Dominant-negative VPS-4 disrupts ODR-10::GFP distribution but has limited effects on chemotaxis

Zocher, Ellen; Ruth, Nelson; Dahlberg, Caroline

Ellen Zocher1, Nelson Ruth1 and Caroline Dahlberg1

1Biology Department, Western Washington University, Bellingham, WA 98225

Correspondence to: Caroline Dahlberg (lina.dahlberg@wwu.edu)

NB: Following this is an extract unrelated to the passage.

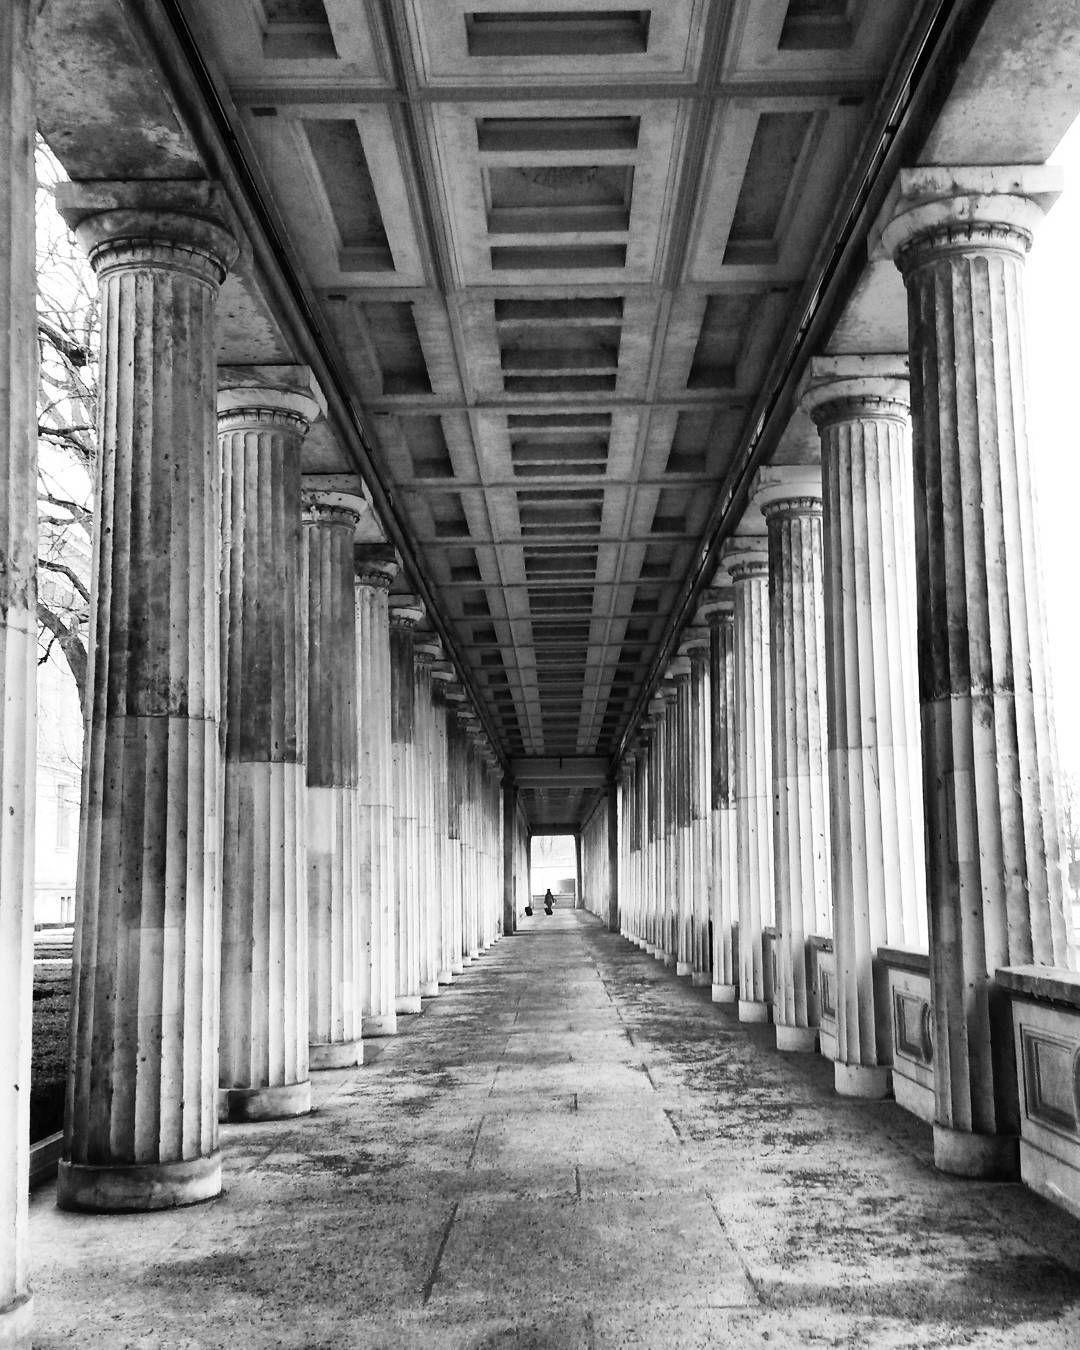 Sanne Ru On Instagram Saulengang Auf Der Museumsinsel In Berlin Berlintrip Visit Berlin Museum Architecturelove Instagram Instagram Posts Fantasy Art
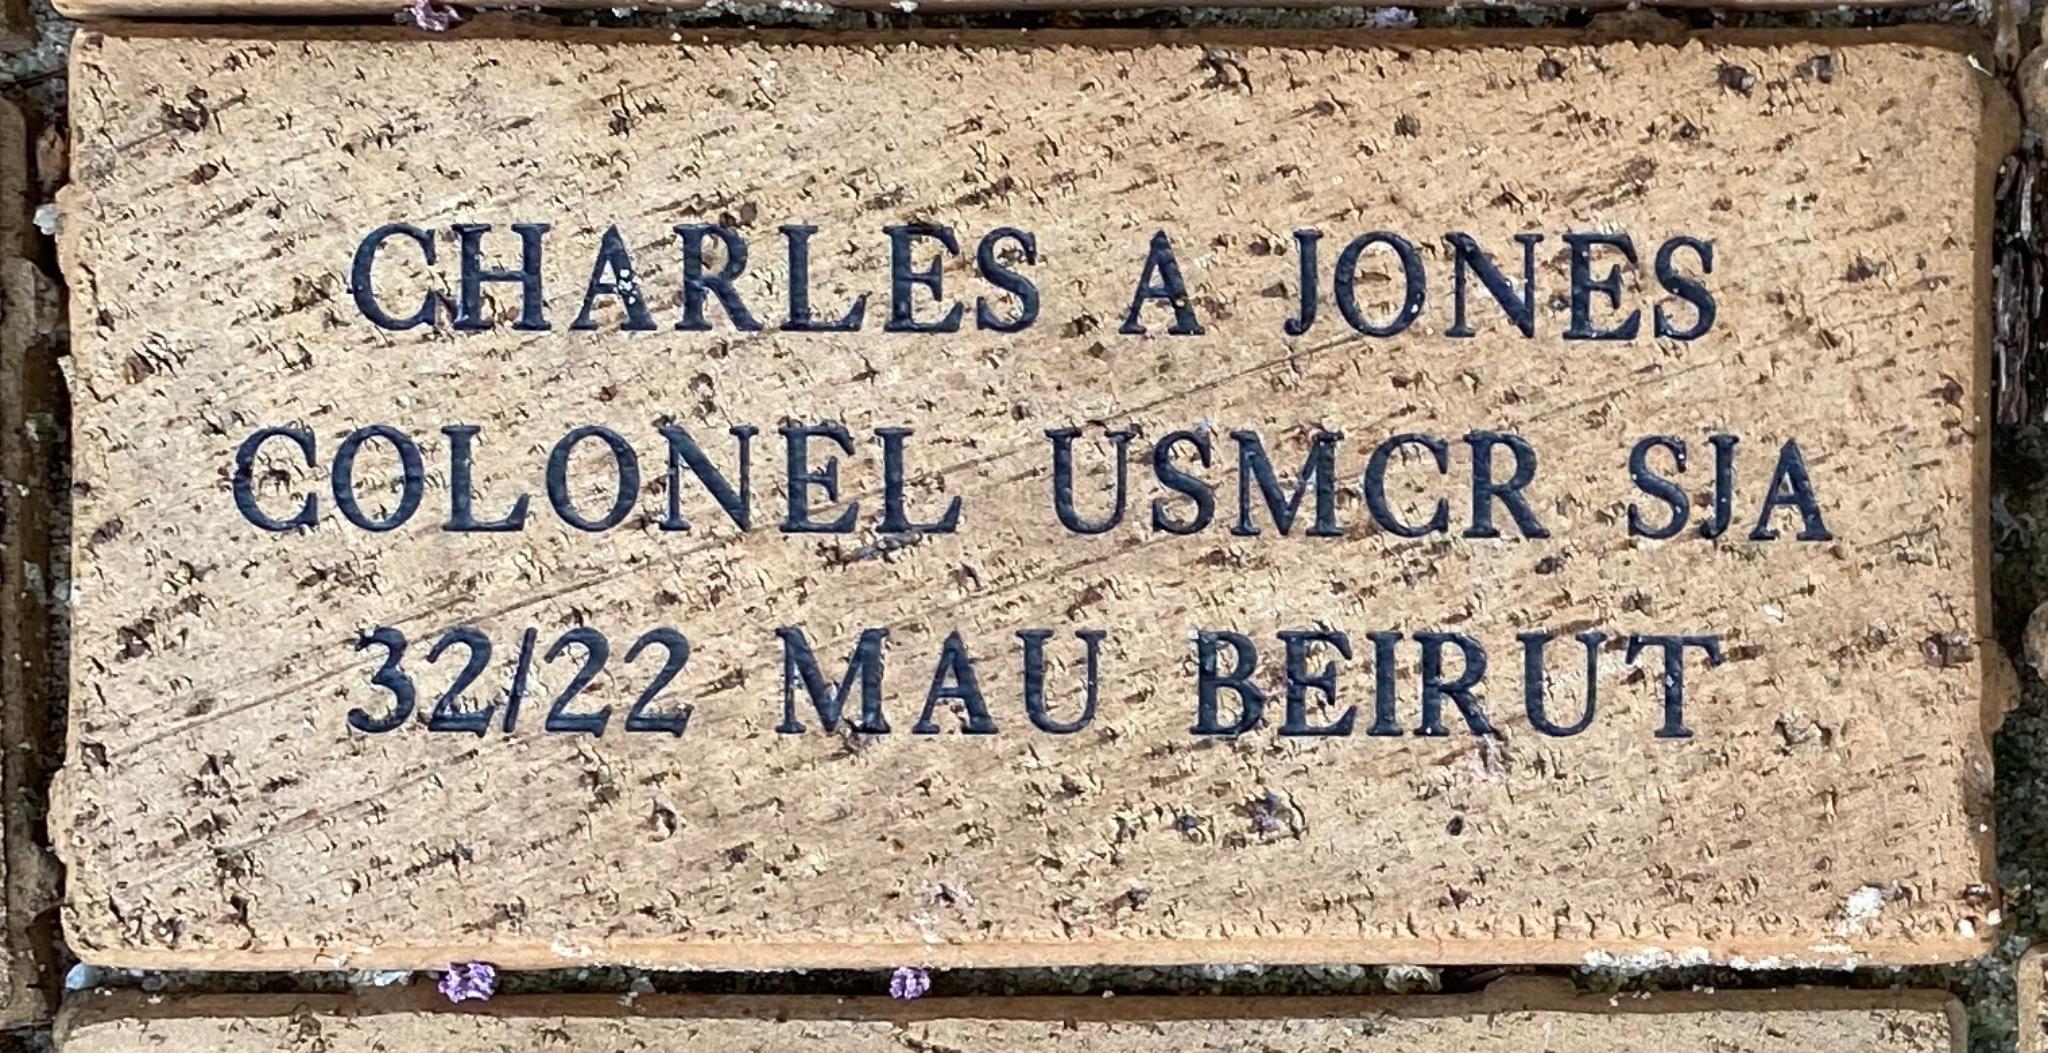 CHARLES A JONES COLONEL USMCR SJA 32/22 MAU BEIRUT

Effects of expression of vps-4(E219Q) (VPS-4 DN) under the odr-10 promoter. A. Image of the head of an animal to illustrate the distribution of ODR-10::GFP fluorescence in an AWA neuron of an animal expressing VPS-4 DN under the odr-10 promoter. Animals were scored for having no visible fluorescence, fluorescence in the cilia, fluorescence in the cell body (arrowhead), with or without ciliary fluorescence (arrow). Red fluorescence is from the injection marker, Pttx-3::dsRed (asterisks). Image acquired at 630X magnification. B. Localization of ODR-10::GFP in the AWA neurons of adult hermaphrodites. Bar graph shows the relative distribution of phenotypes under different conditions. Numbers in the columns indicate the number of animals observed. Data are significant with p << 0.001 using a Chi-square contingency test, Chi-Square value = 123.82, 6 degrees of freedom. No assumptions were violated. C. Effects of different conditions on chemotaxis toward diacetyl, compared to ethanol control for young adult hermaphrodites; odr-10 (ky32) is shown as a negative control. Animals in chemotaxis experiments did not express ODR-10::GFP. Box and whisker plots show the results of 12-13 independent trials. Median chemotaxis indices were wild type (N2) = 0.85, wild type (N2), starved = 0.8, VPS-4 DN = 0.81, VPS-4 DN, starved = 0.7, odr-10 (ky32) = 0.08. Boxes bound the 1st and 3rd quartiles and circles represent outliers of greater than 1.5 times either quartile. Chemotaxis indices were calculated using the following expression: ((animals at chemoattractant)-(animals at control))/total animals on the plate. * p<0.05 compared to wild type, Tukey-Kramer post-test.

Description

Accumulation of ODR-10 depends on the sex and fed state of C. elegans (Ryan et al. 2014), though the precise mechanism of its regulation is not known. We tested whether the ESCRT pathway is required to maintain normal accumulation and distribution of ODR-10::GFP in AWA neurons under well-fed and starved conditions. The conserved AAA ATPase VPS-4 is required as the final step of the ESCRT pathway, to dissociate the machinery as cargo is moved from endosomes to multivesicular bodies (Babst et al. 2011, Kim et al. 2011). Mutation of Glutamate 219 to Glutamine (E219Q) in VPS-4 results in a dominant negative enzyme (VPS-4 DN). VPS-4 DN disrupts normal accumulation of the glutamate receptor, GLR-1, in a cell autonomous manner (Chun et al. 2008).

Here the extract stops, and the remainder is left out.